Он ищет уцелевшую, нетронутую малость, хотя бы пядь, ладонь – хватается за щиколотку, вцепляется в запястье, впивается в открытые, безумные, какие‑то медвежьи глаза с мохнатыми от гноя или опаленными ресницами. Нет, он не фраер, он только на словах беспомощен, в словах схватить бессилен облик, как в дырявый бредень, как в сеть с огромными ячейками, в любую из которых с лихвой пролезет слон, – «рост средний», «нос прямой» и «губы тонкие». Нет, он единственный владеет тайной моментального, предельно верного, неотразимого воспроизводства этих черт, всего телесного состава, каждой малости от солнечной макушки до маленьких ступней – предплечья, кисти, пальцы, лопатки, позвонки, колени, икры, пятки – самой температуры тела, свечения кожи, жара крови. И пусть угодно кто – да хоть олень ее, Нагибин, – сидит перед компьютером и подбирает по подсказкам – прячущего ожесточенные зевки – эксперта нужные глаза и губы, нос, подбородок, скулы, пока не обнаружится в коллекции – что невозможно – хоть сколь‑нибудь пригодный, соответствующий натуре вариант, который вытаращится на поисковую команду с настоящей, неподдельно Зоиной беспощадно‑доверчивой жадностью.
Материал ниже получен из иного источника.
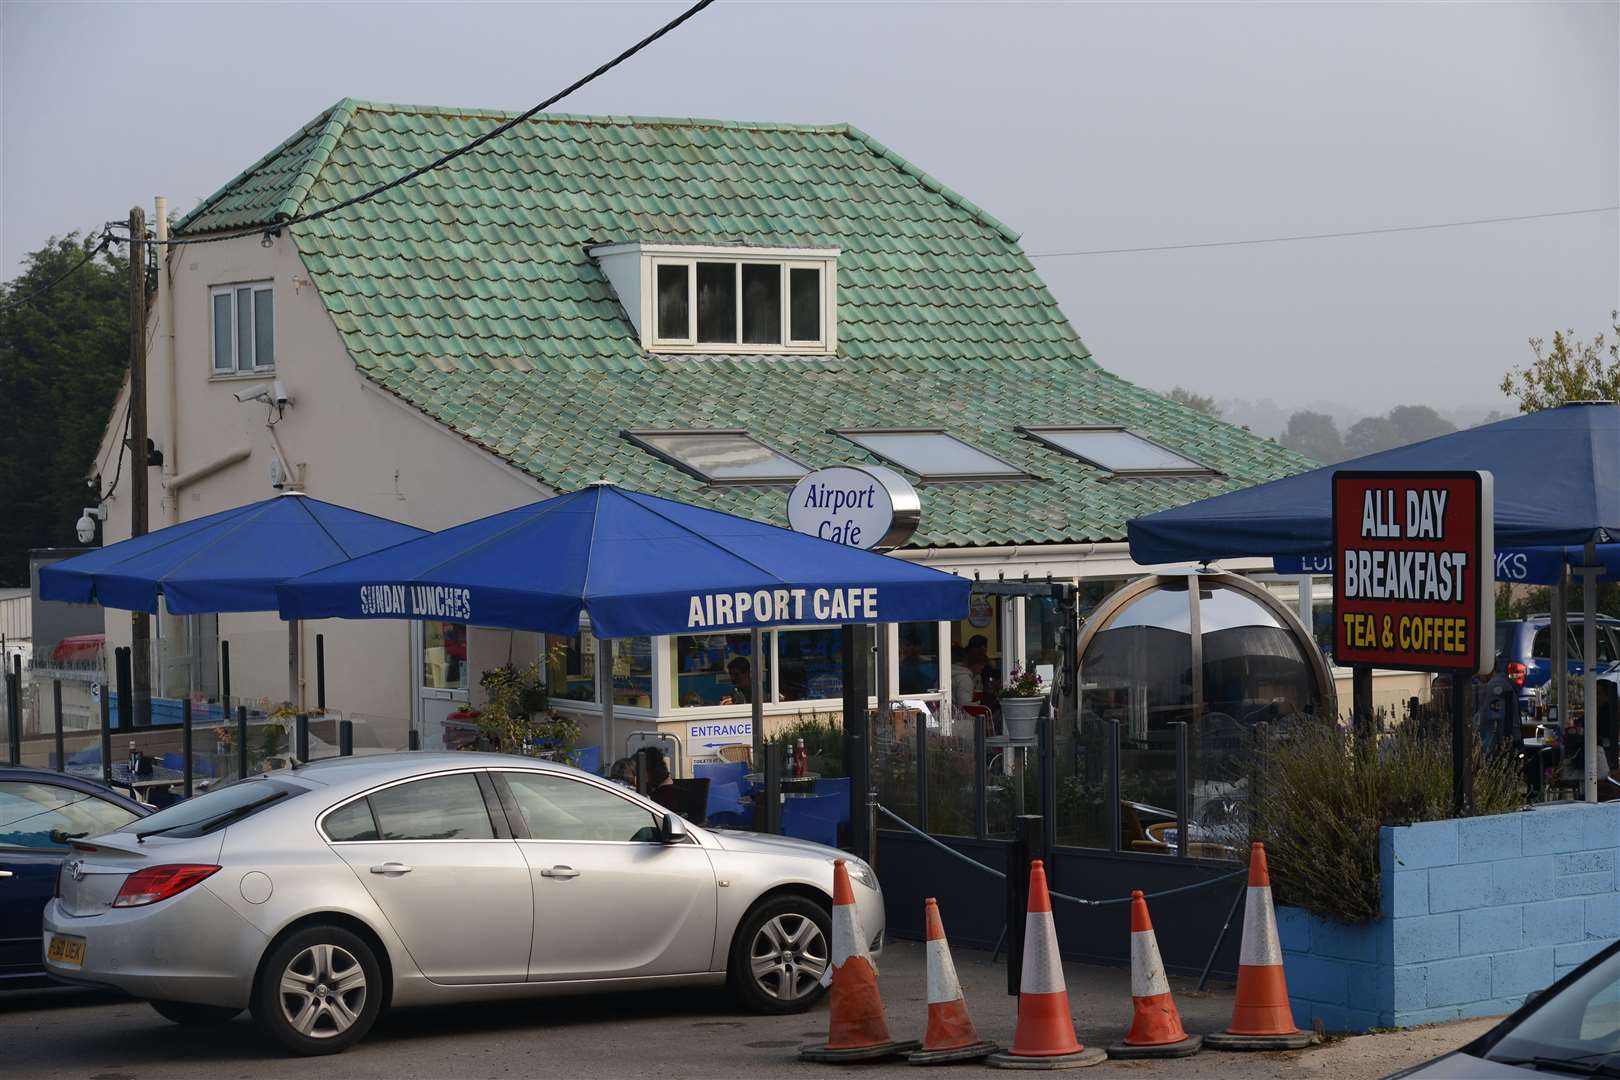 Airport Cafe in Main Road, Sellindge, proved very popular with social media users. Picture: Gary Browne

Он, Сухожилов, обладает монопольным даром – увидеть ту ее, всегдашнюю, по‑прежнему неуязвимую, найти среди вот этих механоидов и разглядеть бессмертное лицо сквозь всякие нагары и налеты, сквозь корки сколько угодно плотные. Здесь нет ее… Выходит в коридор, препровожденный дальше, еще осматривает тряпки чужих вещей, но больше – «для очистки совести». Благодарит отрывисто и сухо. И снова в парке он, под окнами, и снова старики вокруг – обычные больные, правильные.
– Ниче, ниче, – бормочет он, сдирая кожу на костяшках о шершавый древесный ствол, – ниче, ниче.
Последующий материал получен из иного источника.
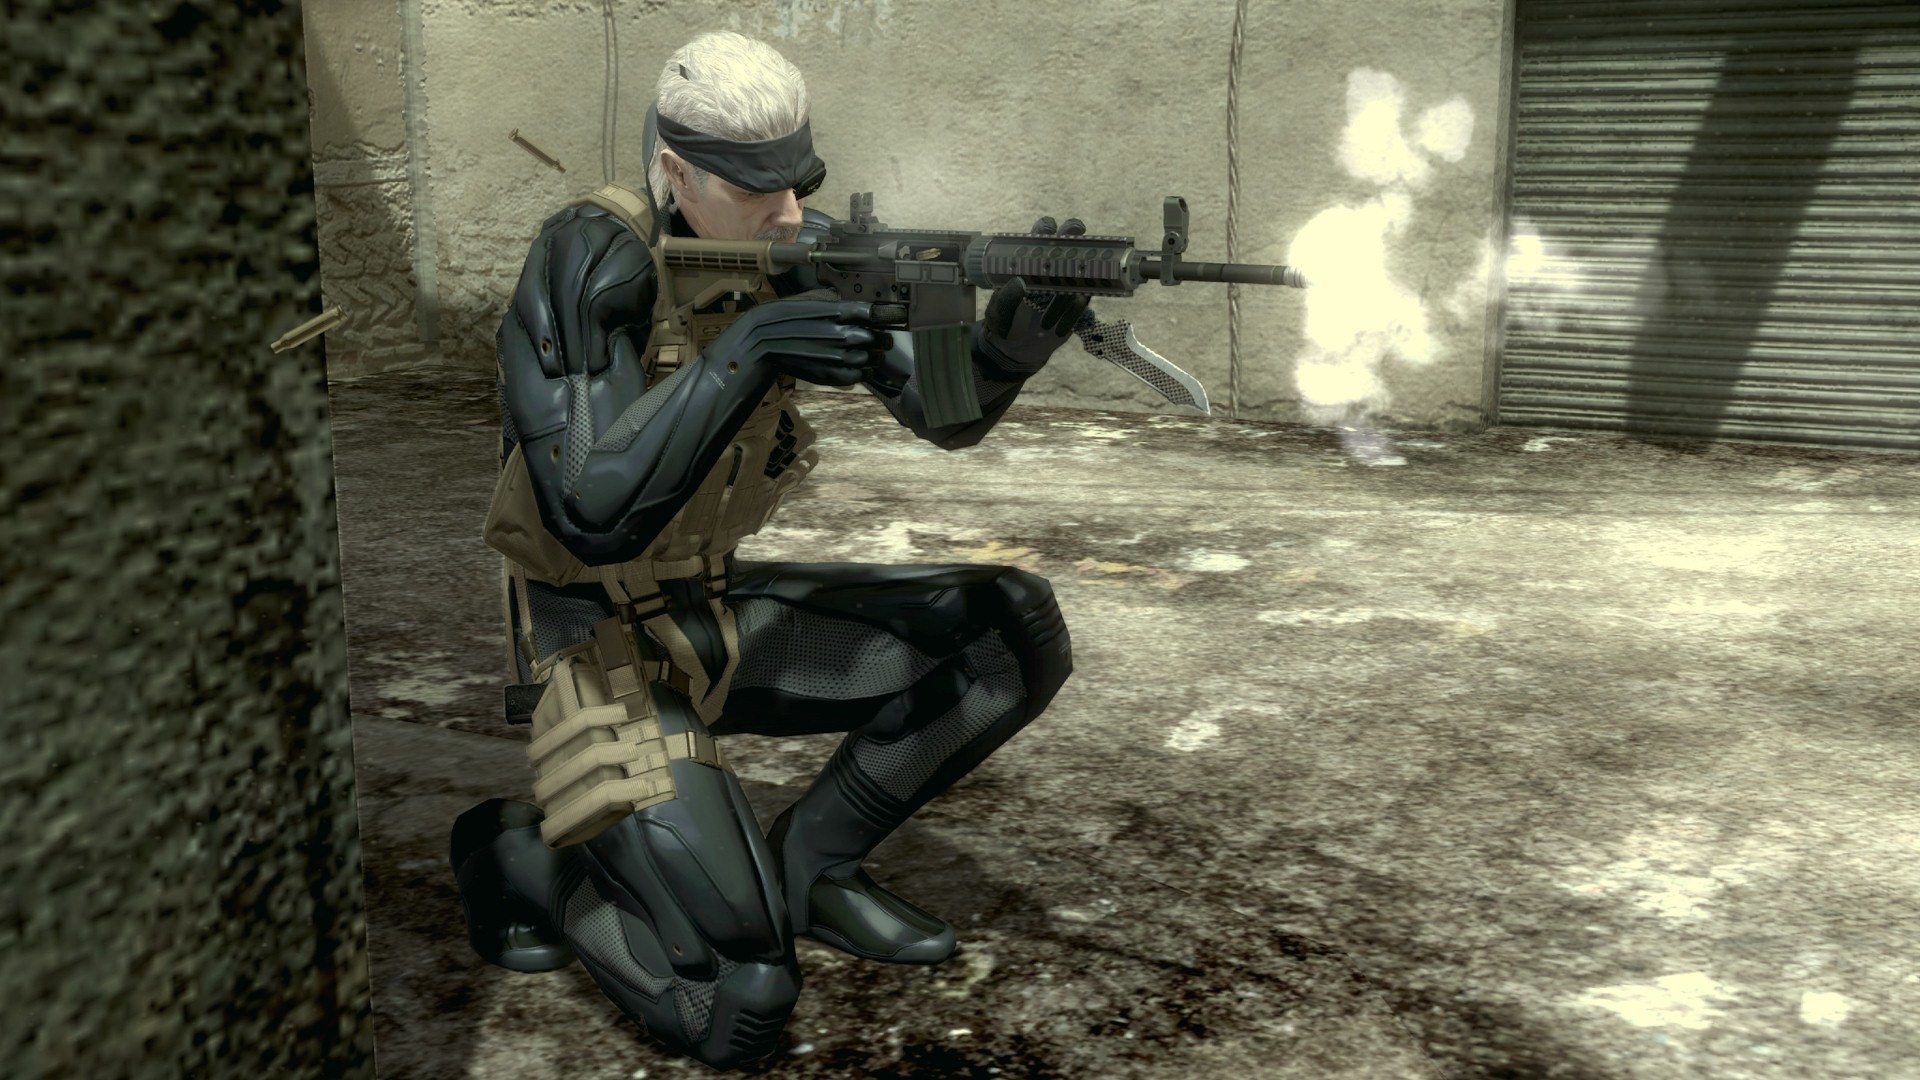 1920x1080 The prospect of a Metal Gear film has been doing the rounds in the rumor  mill for a good few years now, suffering from a likely dose of production  hell and ...

И тут звонок ему – опять осел ревет в мобильнике – Подвигин.
– Ну как там?
– Пусто. У тебя?
– Двенадцать неопознанных, из них три женщины всего. Нет, не она. Уверенно.
– Это как ты? Уверенно?
– Ну как? По фотографии.
– Что, лица есть?
– Конечно. А у тебя вот даже так?.. Слушай, я тут весь персонал решил потеребить – вдруг видел кто, участвовал, запомнил. Ведь тоже вариант. И вот нашел еще – парк «Скорых помощей», они всех по больницам. Давай туда. Похоже, тема.
– Согласен, да. Спасибо.
– Ты это, тезка… ты не падай, в общем. Еще привыкнешь, понасмотришься – нам много предстоит. Эпоха. Пока мы не нашли, не получили однозначного ответа, смысл есть по‑прежнему, ведь так?
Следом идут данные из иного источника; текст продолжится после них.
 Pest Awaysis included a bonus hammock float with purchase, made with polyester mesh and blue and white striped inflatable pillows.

– Вот это в точку, капитан.
– Не угадал – майор я.
– Тем более, майор, давай их всех за жабры там… – он отключается. «Смысл есть по‑прежнему», и Сухожилов хочет, чтобы это продолжалось, и это продолжается и продолжается.
Совет да любовь»
Он приглашает Кругель поужинать в «Венеции», где для него по старой памяти придерживают столик; когда‑то он работал с ребятами из «Ваш финансовый обеспечитель», а ресторан принадлежит вот этим, с позволения сказать, «обеспечителям». Без четверти девять – он вяло сожалеет, что не может посмотреть сегодня четыре тысячи сто сорок пятый выпуск «ДОМа‑2» и так не узнает до утра, присунул ли Гена Джикия новенькой блондинке Марине Невинчинной, – на входе их встречает осанистый, важный, с серебряными баками метрдотель. На Сухожилове все тот же костюм от Ermenegildo Zegna (из шерсти и шелка, с элементами ручной работы, с широкими лацканами и двойными врезными карманами однобортного пиджака), а на Марине – черное тугое, шелковое платье с открытыми плечами и туфли из черного атласа от Manolo Blahnik, на загорелой шее – нитка искусственного жемчуга, а матовые мочки слегка оттянуты такими же жемчужными сережками из Louvre.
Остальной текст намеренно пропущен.